Tous les hommes portent de longues moustaches à la gauloise ou fièrement redressées. Ils sont en général vêtus d’un pantalon de velours sur lequel ils enroulent une longue ceinture de flanelle rouge ou bleue, d’un gilet à manches de lustrine ou d’une veste de lustrine noire. Les hommes d’un certain âge portent encore la blaude en toile bleue parfois garnie de fil blanc sur les épaules. Ils sont coiffés de la casquette plate ou du chapeau de jonc, l’été. L’hiver, ils sont chaussés de lourds sabots de bois appelés coués garnis d’une semelle de paille. Pendant la belle saison, ils portent des souliers qu’ils quittent lorsqu’ils labourent la vigne à l’aide du fousseux.
Toutes
les femmes d’un certain âge portent une coiffe blanche de forme ronde et plate
avec bords de dentelle ou finement tuyautés qui enveloppe la chevelure ;
elles sont vêtues de longs jupons superposés de couleur sombre qui leur
couvrent les pieds et d’un caraco de toile, le tout protégé par un long tablier
de toile grise ou bleue.
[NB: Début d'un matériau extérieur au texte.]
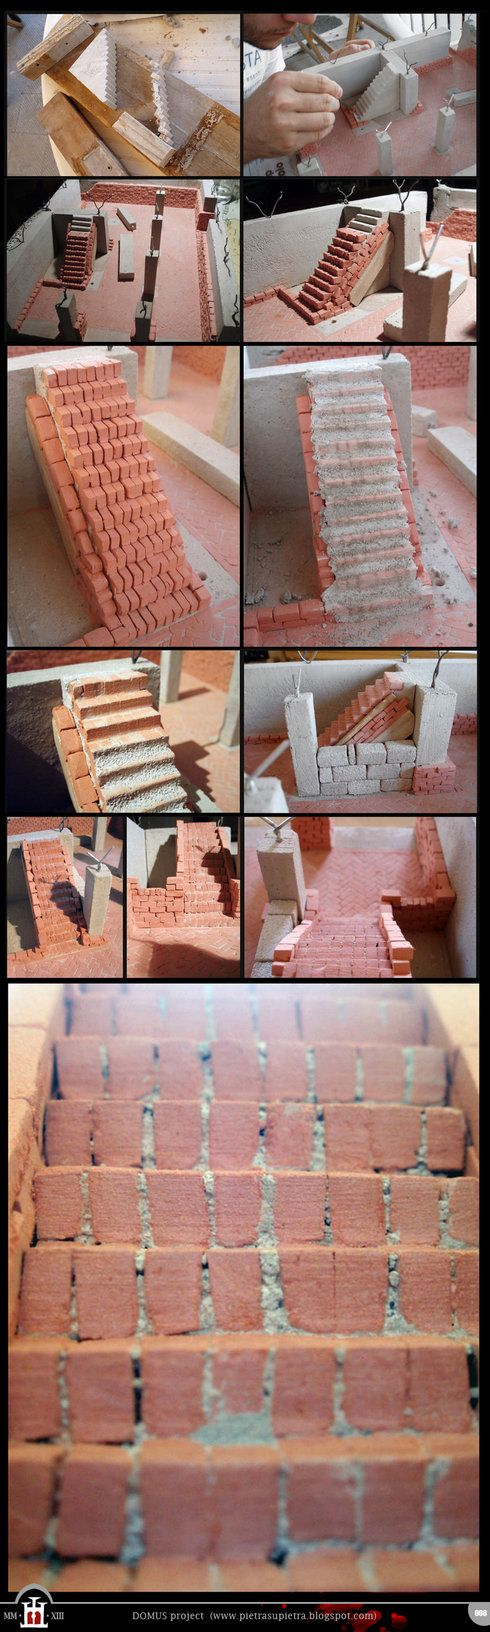 http://wernerio.deviantart.com/art/Domus-project-8-Brick-staircase-part-I-419311838

Pour les cérémonies elles s’habillent de robes de soie
généralement noires garnies de perles en verre et de broderies, sur laquelle
elles jettent un long châle noir pour les deuils. Les enfants portent la
culotte courte et un tablier de toile grise ou noire serré à la taille par une
ceinture de cuir.
Comme
à cette époque il y a au pays de nombreuses personnes qui portent le même nom
et parfois même le même prénom, presque chaque habitant est affublé d’un
surnom. C’est ainsi que j’ai connu : Tiolet, Saindoux, Mère Mouton, Lolo,
Deux, Braillou, Fouyot, Poiblanc, Touillat, Pipelet, Brion, Grande Tasie,
Loffia, Cabouci, Roussi, Ritelot, Malbot, Mouragni, Nabit, Drocolle, jacquetot,
Lépicier, Rincent, Nez de Chien, Jésus Christ, Bocquelet, Gueulotte, Manivet,
Trou de Balle, La Folle, Villotte, Le Préfet, Boissac, Griquet, Collot, La
Mauricotte, Quénom, Margelat, Minzot, Le Petit Cantonnier, et j’en oublie.
Certains de ces surnoms figurent aux actes d’état-civil et sur le cadastre.
Généralement, les femmes sont désignées sous le même surnom précédé de mère ou transcrit au féminin. Beaucoup
de vieillards portent le prénom de Nicolas qui a été converti en Coliche,
précédant son surnom ou son nom.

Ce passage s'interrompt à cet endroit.